Sensaura and software like it could be the holy grail for advertisers, who will be able to adapt their interactions based on the user's emotional response. If marketing isn't a science yet, it will be.

Rafael Calvo thinks affective computing can do better than to make us vulnerable to companies that want to prey on our emotions. Calvo, a professor at the University of Sydney in Australia, has a PhD in artificial intelligence, and focuses on creating software systems "that support rather than hinder psychological well-being and mental health," he told me over Skype.

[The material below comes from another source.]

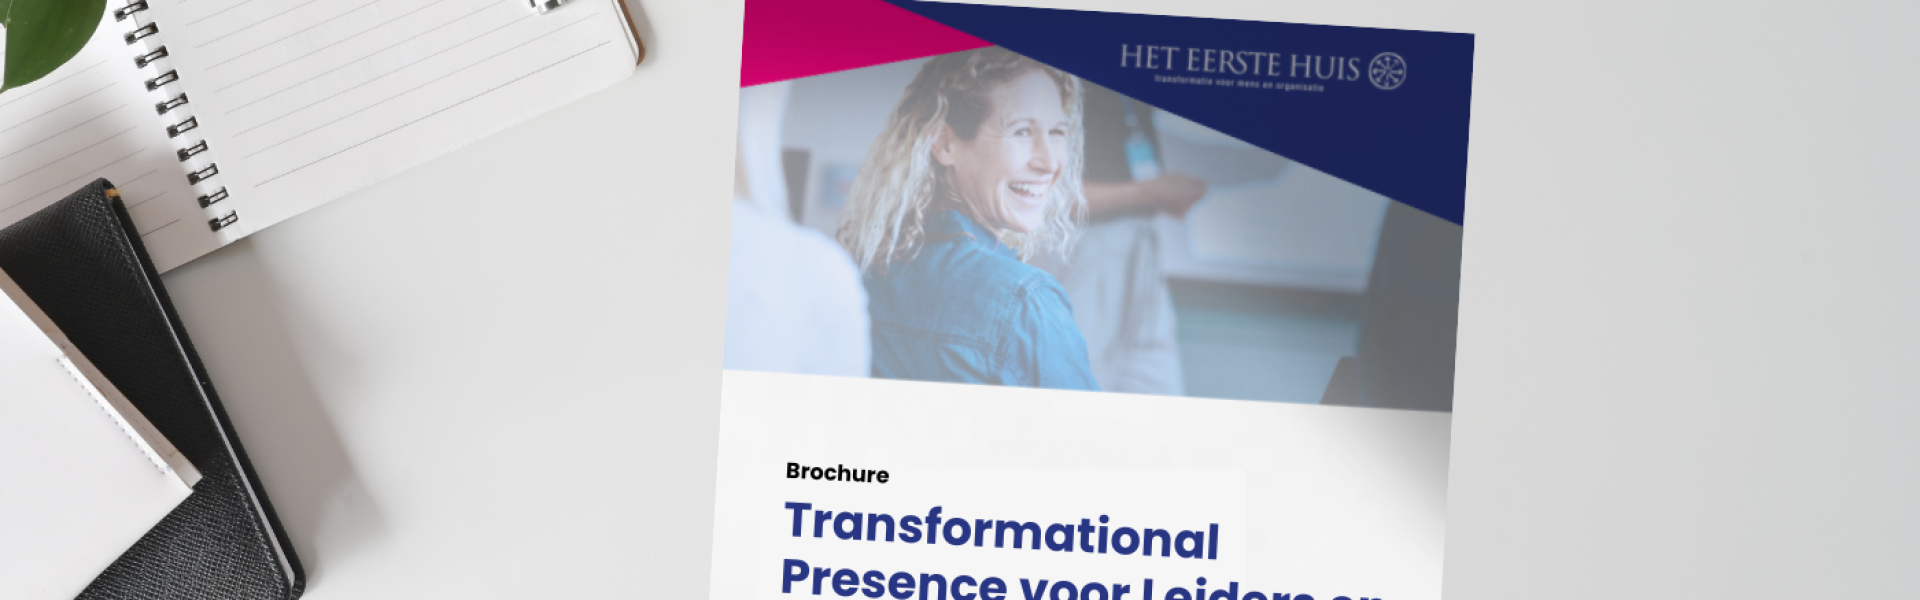 brochure transformational presence voor leiders en coaches

He's part of a Positive Computing movement, whose premise is that design for well-being should be part of the design for all technology in the future. Calvo's guiding principle is that affective computing should promote human autonomy, such as tutoring software that knows how the student feels and adjusts accordingly to create appropriate challenges, or programs that make it easier for workers in "male-dominated industries" to overcome the stigma of seeking help for mental health. In this vision, kinder, gentler computers will offer customized assistance on our path to becoming more competent and confident people.

The dream of positive computing may seem like a fantasy, but consumers prefer technologies that give them a feeling of control. The alternative won't make anyone joyful or excited. "[Agency] is a huge factor in psychological well-being," Calvo said. "If you feel manipulated, you're much more likely to experience mental illness."